Mixed martial arts continue to gain popularity as a sport, but not everyone feels welcome in existing gym cultures. With Connection Martial Arts, Nicole Sawin is working to break down the participation barriers in mixed martial arts training by providing a space that is inclusive and accessible.
Nicole, who worked as a child and youth mental health therapist for almost seven years, brings her experience in mental health care to training on the mats. Connection Martial Arts provides its members a gym space that respects both body and mind, with martial arts programs informed by mental health considerations and trauma-informed principles.
“I’ve always had an entrepreneurial spirit. I grew up in a small town in the north with little to do, so I would end up creating my own opportunities and thinking outside the box,” says Nicole.
“I quickly noticed a large gap in the martial arts spaces in my community. I founded Connection Martial Arts because I was tired of watching people join and leave the gyms I trained at, whether that was due to mental health challenges, trauma, gender identity, or other reasons. I wanted to provide a space that allows them to benefit from what a martial arts community has to offer.”
At Connection Martial Arts, participants can access different classes with monthly memberships or punch passes. All classes integrate conditioning and technical drills with fun and fitness, and in the near future, specialized classes focusing on competition and grappling will be added to the schedule. “So it looks the same as a regular mixed martial arts gym, except the policies and the practices—how we do it—are different. Trauma-informed care means we look at our policies, procedures, and practices, and consider how things are done and how that might impact the people coming through our doors. What we focus on is choice and voice.”
Business Loans for Women Business Owners in BC
Nicole found out about WeBC’s funding program through a Google search while looking for accessible institutions that offer business loans. As a woman under 40, she accessed the youth business loan program, which offers joint funding from WeBC and Futurpreneur Canada. Alongside financial help, the loan program includes complimentary services aimed at empowering women to develop and strengthen their businesses.
Q: What inspired you to start your business?
I think mixed martial arts in general is a space that a lot of people feel drawn to for lots of different reasons: some people are drawn to it because they have fitness goals; they want to have fun; maybe they want to compete. Some are drawn to it for really deep personal reasons, like they’re looking for self defense because they’ve had really traumatic experiences in their life and they’re looking to feel empowered again.
I saw a lot of folks walking through the doors that coaches did not have the training to know what to do to support them.
There’s a certain part of the population that has not been able to access mixed martial arts training in a safe and accessible way, so filling that gap is the foundation for what I’m doing now.
Q: How does your business impact your local community?
A: It started small in January 2023, with one class of six people that I was teaching in my basement. Now, we’re moving into a larger commercial space and I couldn’t be more excited!
Our work supports folks who have experienced really negative things in their life that impacts how their nervous system reacts to different stimuli. We offer trauma-informed martial arts training that allows our community members to feel more empowered in their bodies.

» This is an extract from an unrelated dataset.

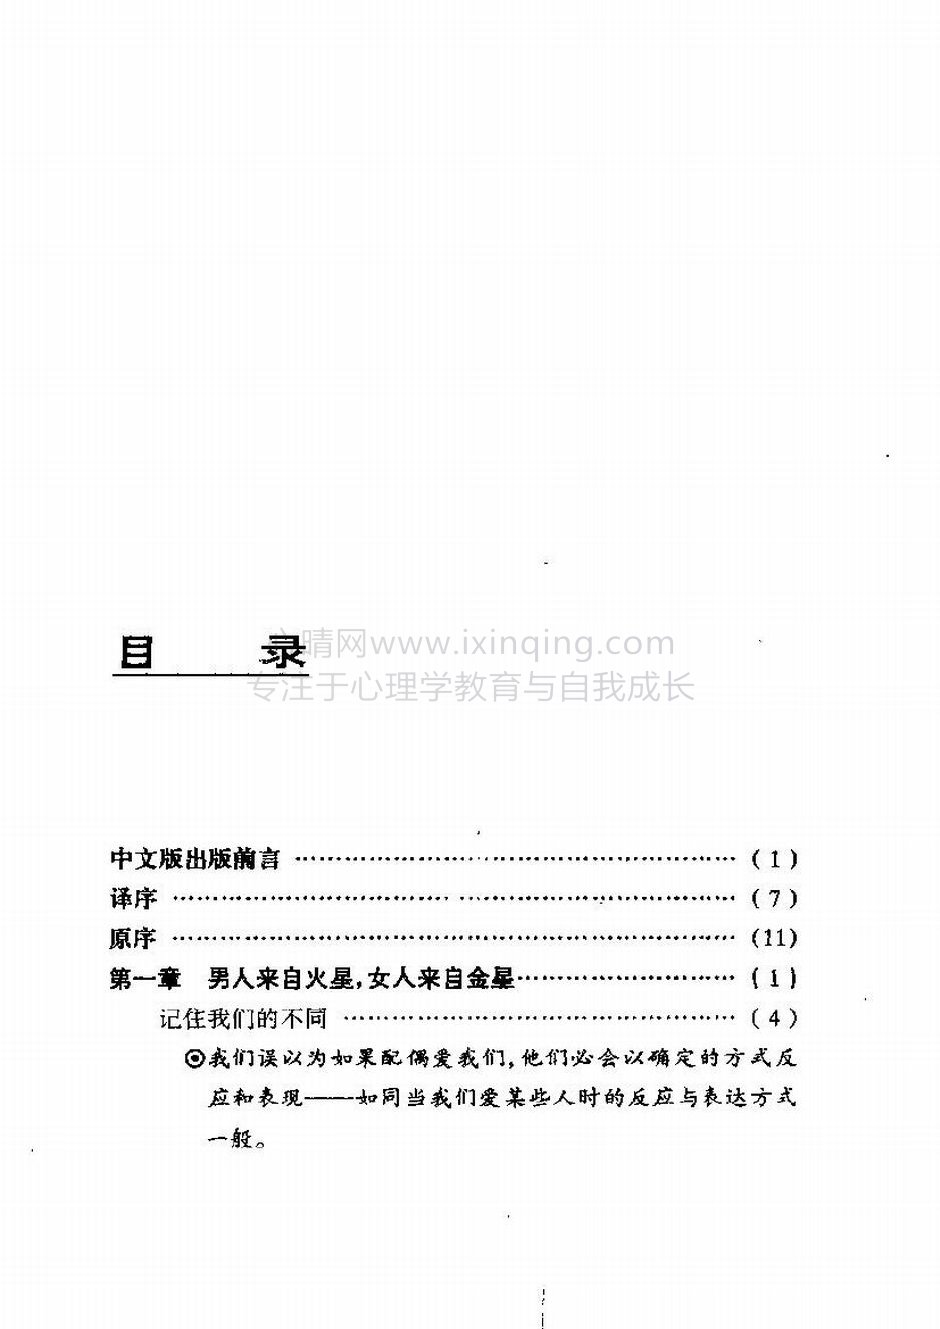 封面、原序、译序、中文版出版前言(20)

Q: What’s the biggest lesson you have learned on your entrepreneurial journey?
A: The biggest learning for me was around taking risks. I’m a fairly anxious person and I try to control everything to create outcomes that are certain. But when you’re running a business, you don’t know what the outcome will be and you have to take calculated risks to be able to make decisions and get where you want to go. So I learned to be comfortable being uncomfortable.
Q: How did the WeBC loan program support you in starting your business?
A: As somebody who’s female presenting and somebody who is relatively young to be starting a business, WeBC jumped out to me because of its great support offerings that are tailored to my needs.
The process to apply for the loan was very streamlined; I felt well-supported all the way through. The WeBC loan was really helpful because it allowed me to build a commercial space so I could expand our programs and what we can offer our students.
Q: What does the future of your business look like?
A: In the short-term, we’re very excited to get into our new commercial space. It will expand our training options and give us more room to grow.
Looking further ahead, I would like for us to become a leader in the provision of trauma-informed martial arts training. I want to contribute to research and grow our knowledge on martial arts as a clinical intervention.
What I’m most excited about is to continue working with my community to create a martial arts space that is safe and accessible for folks who don’t have other places to go.